··· DATA SECTION ···

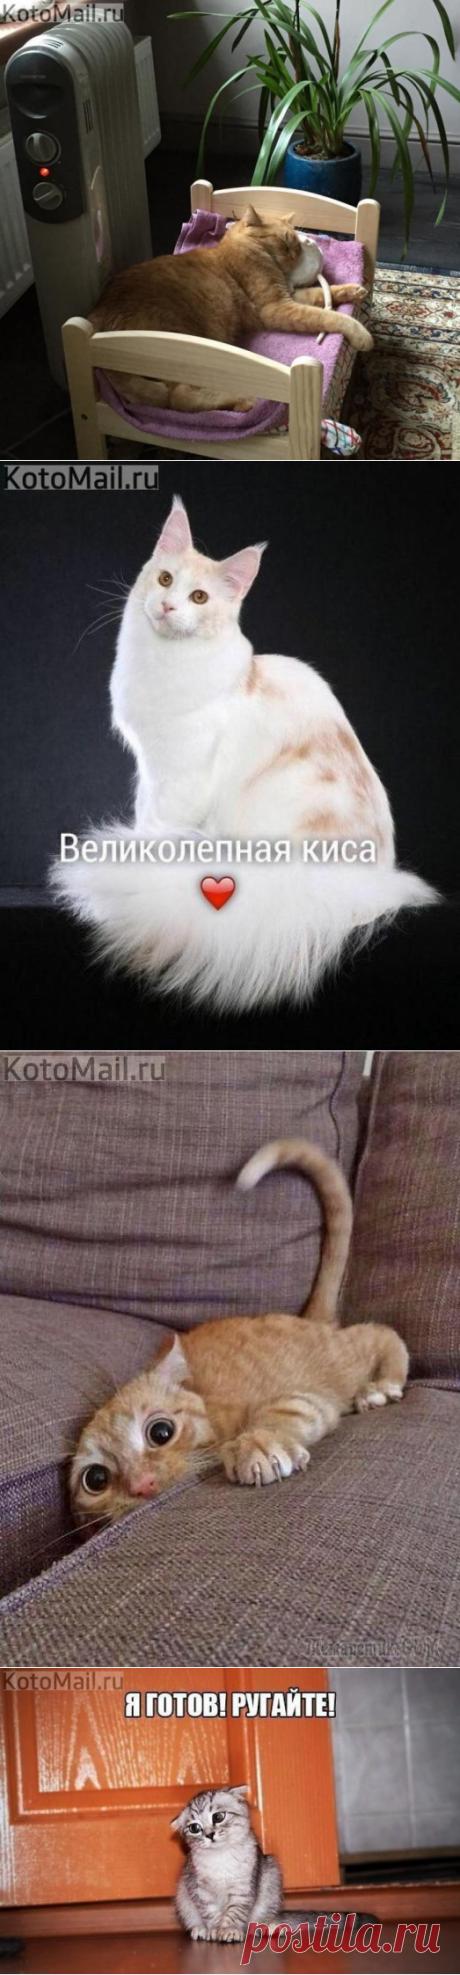 Осенний кот | KotoMail.ru
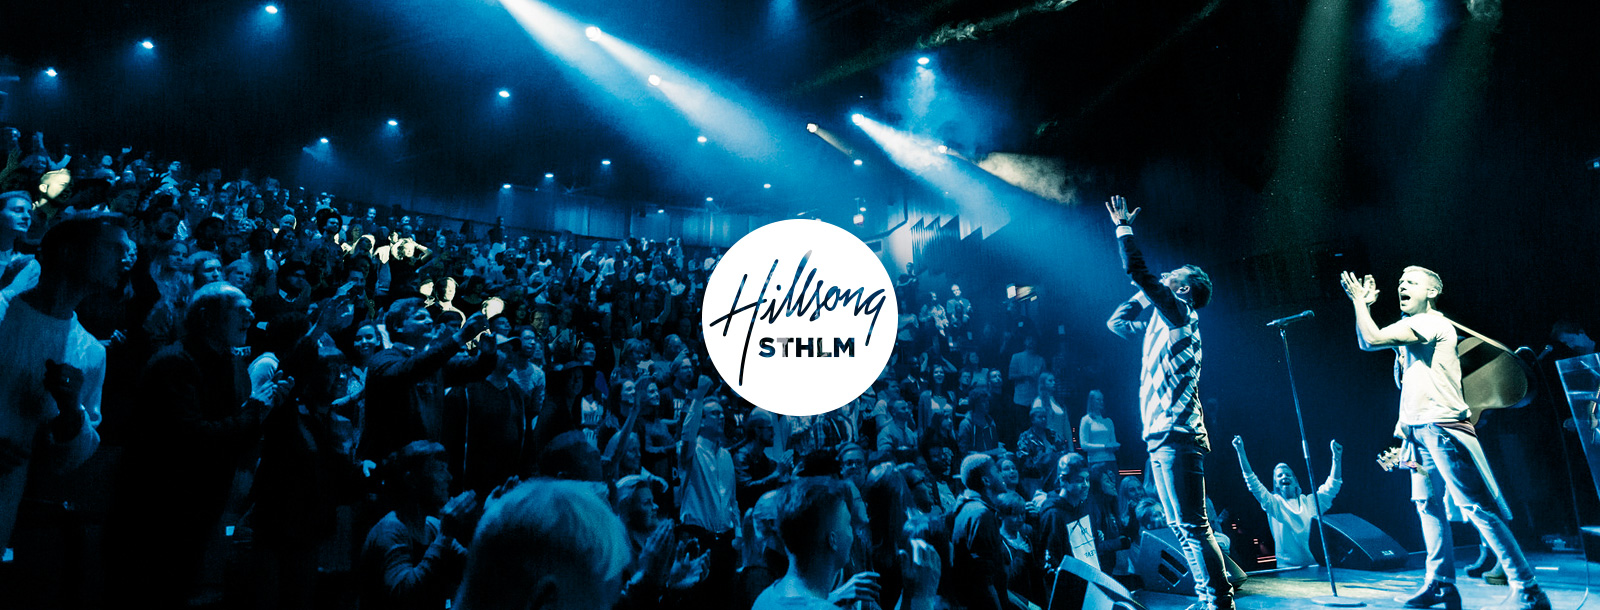 Hillsong Sweden,
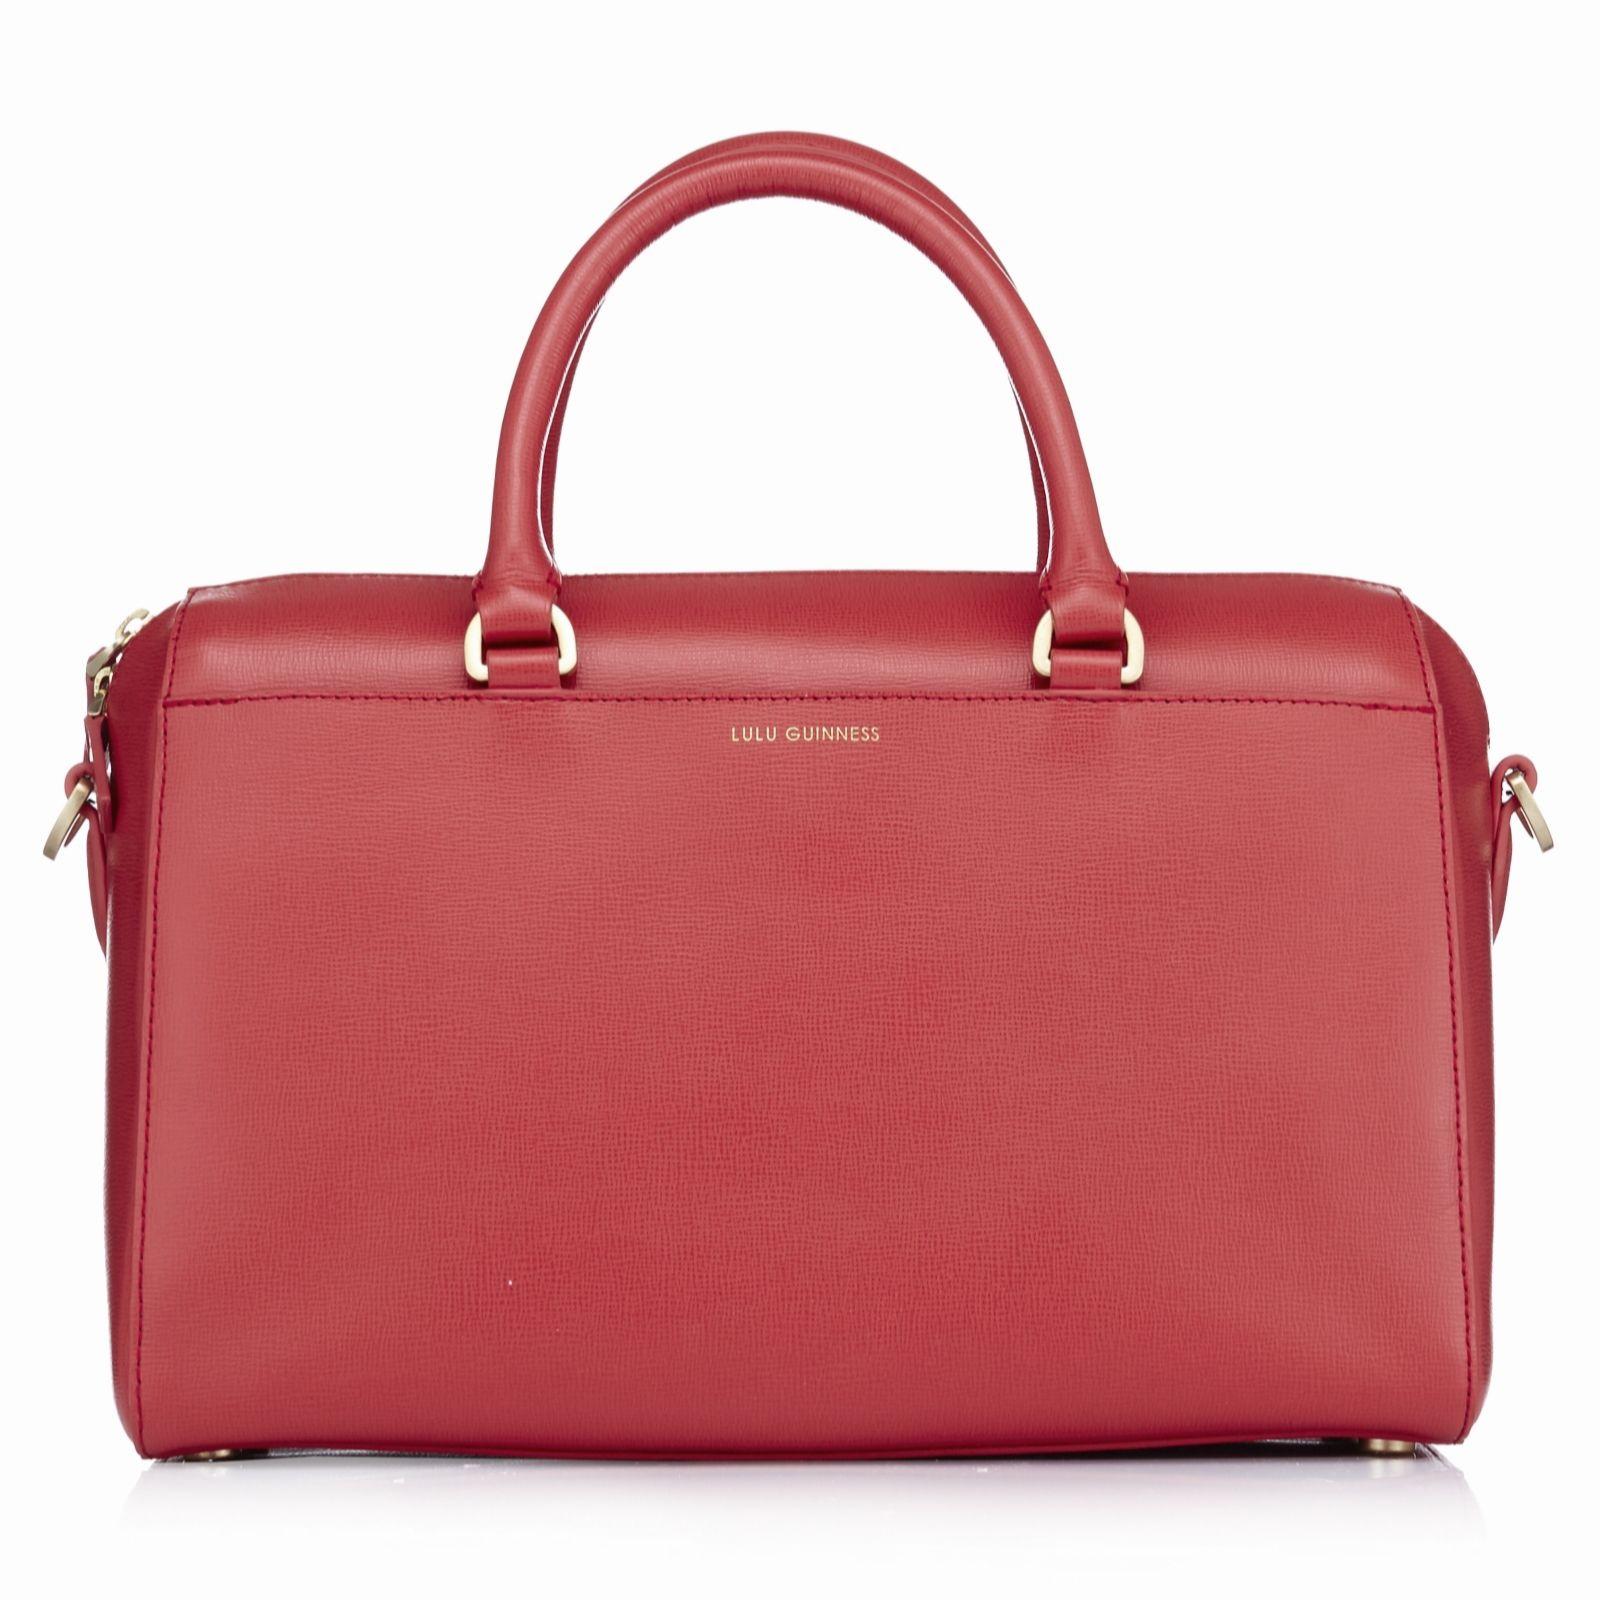 Lulu Guinness Arabella Large Leather Bowling Bag With Crossbody Strap Qvc Uk
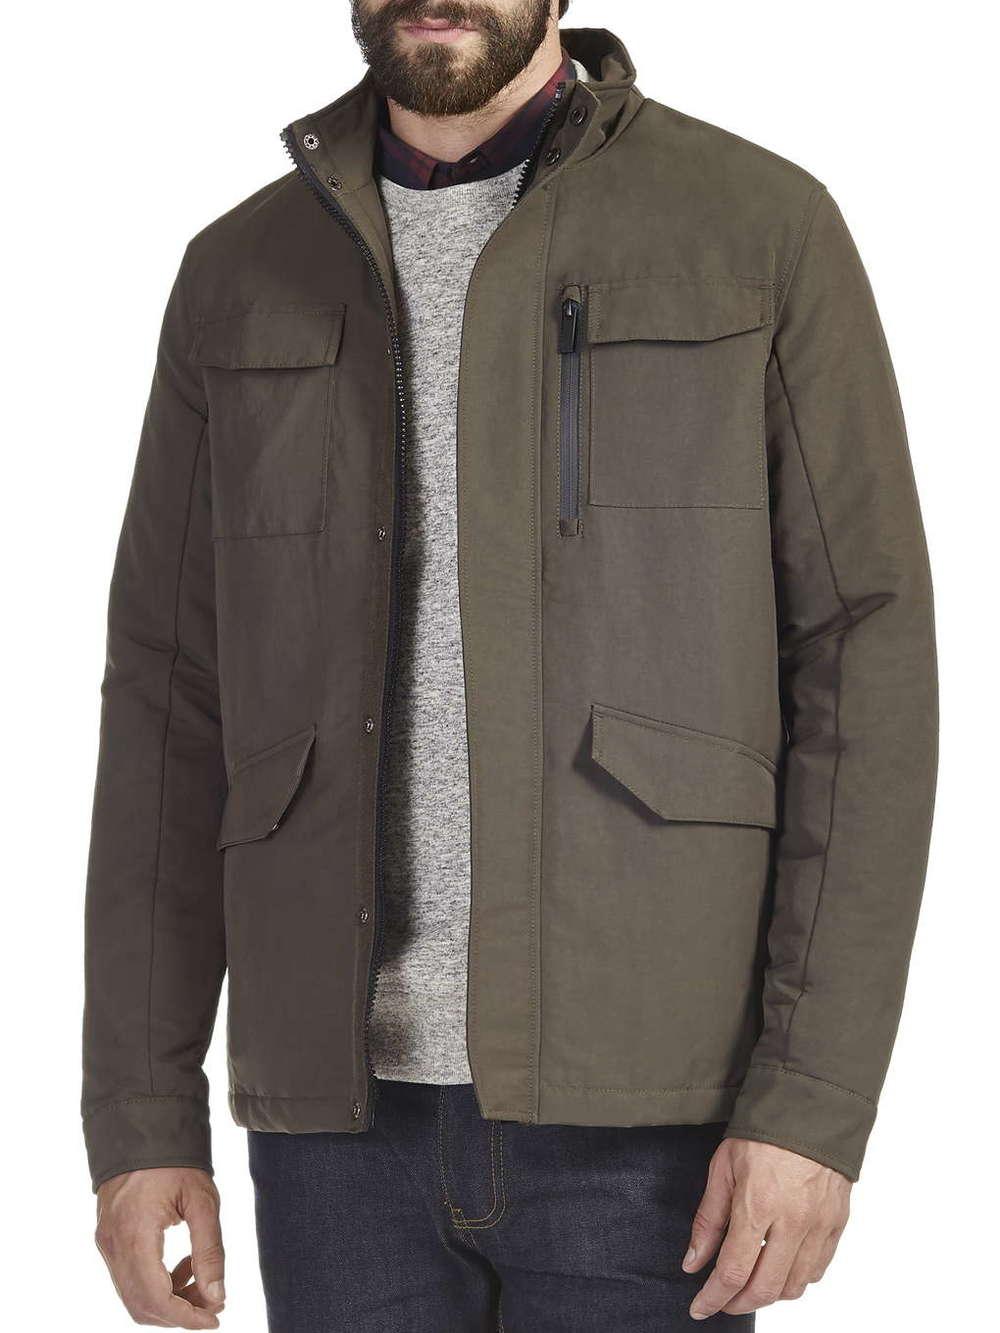 Khaki Military Jacket

···

Pictures aside, give the data again exactly as it appears.

 Осенний кот | KotoMail.ru
 Hillsong Sweden,
 Lulu Guinness Arabella Large Leather Bowling Bag With Crossbody Strap Qvc Uk
 Khaki Military Jacket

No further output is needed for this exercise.